Interventionism comes at a cost.

If one looks at the inflationary shocks in recent history, hasty decisions to introduce price controls have never been a good idea. They are the best way to bring about shortages.

And it is even more astonishing, today, to read about such proposals in the Western press...

 

 

Price controls have an immediate impact on distributors’ margins: we saw this in numerous examples of inflationary shocks in Argentina, Zimbabwe and Venezuela. Prohibiting producers and manufacturers from passing on the rise in costs that they are enduring leads, quite simply and entirely logically, to them going bankrupt. And trying to make the state intervene to replace this rise in prices amounts to transferring the cost to the said state’s currency, thereby exacerbating the phenomenon of inflation even more.

The longer you wait to act, the more expensive the bill will be.
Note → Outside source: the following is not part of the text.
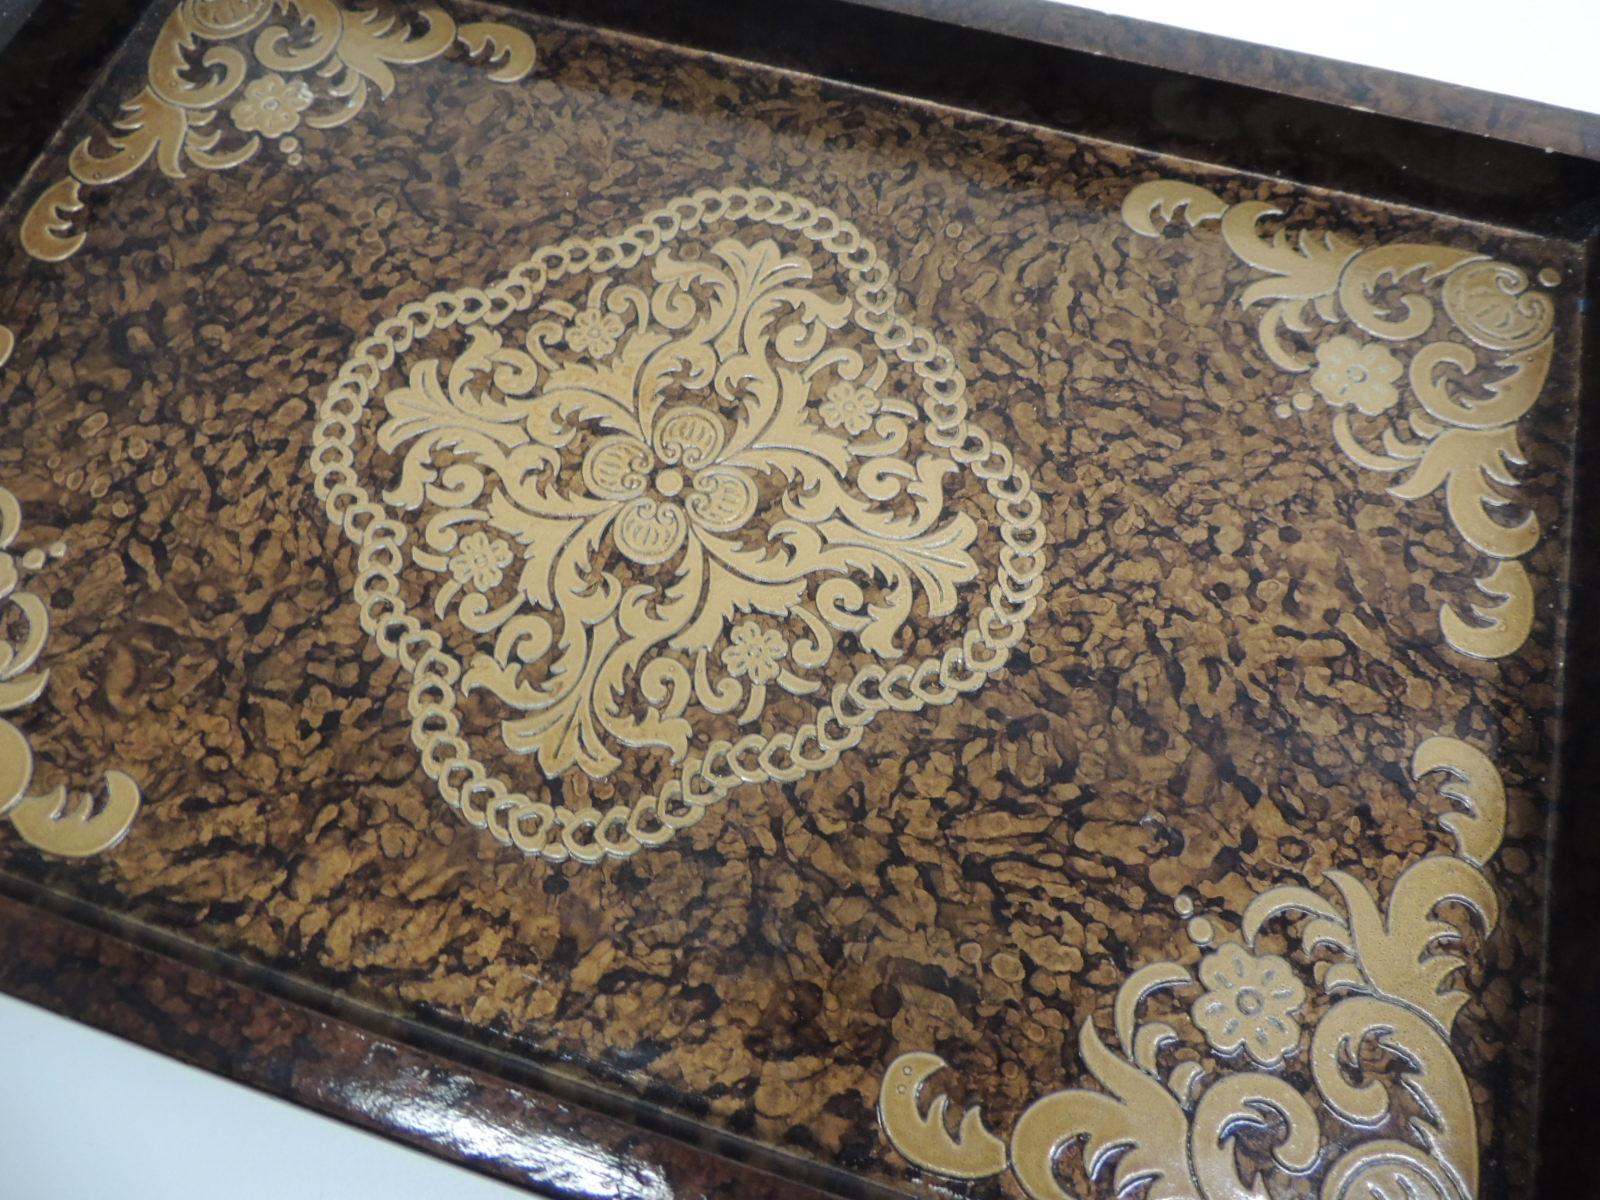 Chinoiserie Asian Lacquered Decorative Wood Modern Tray in Brown and Gold

We are already late by several basis points compared to the level of inflation in Europe. Leaving the rates at 0% while continuing with the asset buying program, when inflation is already at over 5%, is an unprecedented threat to savings and to the continent’s overall wealth.

 

 

The U.S. central bank has already announced a rate rise, whereas in Europe we are still in a phase of complete denial when it comes to the impact of inflation on economic activity.

Letting the inflation run rife is an option that may still make sense on the other side of the Atlantic. An article published by Anneken Tappe on CNN’s website goes so far as to remind readers that inflation could prove to be beneficial for households that are carrying a lot of debt, who are saving practically nothing and whose wages are keeping pace with the inflation. Incidentally, this thesis is very much open to debate, and it is the poorest households, first and foremost, that are bearing the full brunt of the inflation... But that’s another story...

It is easier to get people to “swallow” the idea of inflation being beneficial in the United States, where getting into debt is a national pastime, both at the private level and the public level. The U.S. deficit is there to remind us of this, moreover, and the inflation is ultimately good news when it comes to starting to deflate, in terms of its absolute value, the weight of that public debt that has been accumulating for so many years...

 

 

In Europe, however, it’s a different story. The situation is not the same: households’ savings are larger and the level of private debt varies greatly from one country to the next. To take no action, with these levels of inflation, plays into the hands, primarily, of the “grasshopper” countries of southern Europe, which are seeing their debt burden diminishing. The German “ants”, by contrast, will be less content to see both their budgetary discipline penalized, and their savings collapsing with the cut in the real rates.

These German savers are in the process of literally rushing to cash to protect themselves from the falls in the yields from their investments in bond products that are melting away like snow in the sun...

 

 

The level of the euro is now playing an increasingly decisive role for these savers. If the fall in the European currency continues, we could see this cash reserve come and seek a safe haven in tangible assets, thereby fueling the inflationary cycle even more. That is the risk posed by the European Central Bank’s current inertia. If the ECB’s denial of the reality continues, the rush to cash risks being transformed into distrust of the currency.

The reserves for the next rise in gold prices are certainly present in Germany and in other countries with high savings rates. At the same time, faced with this inflationary shock, we are witnessing the confidence that these savers have in the ECB being eroded a little more with each passing day. In those particular countries, it will only take a spark in order for the sentiment on metal, still neutral at present, to turn sharply upwards again.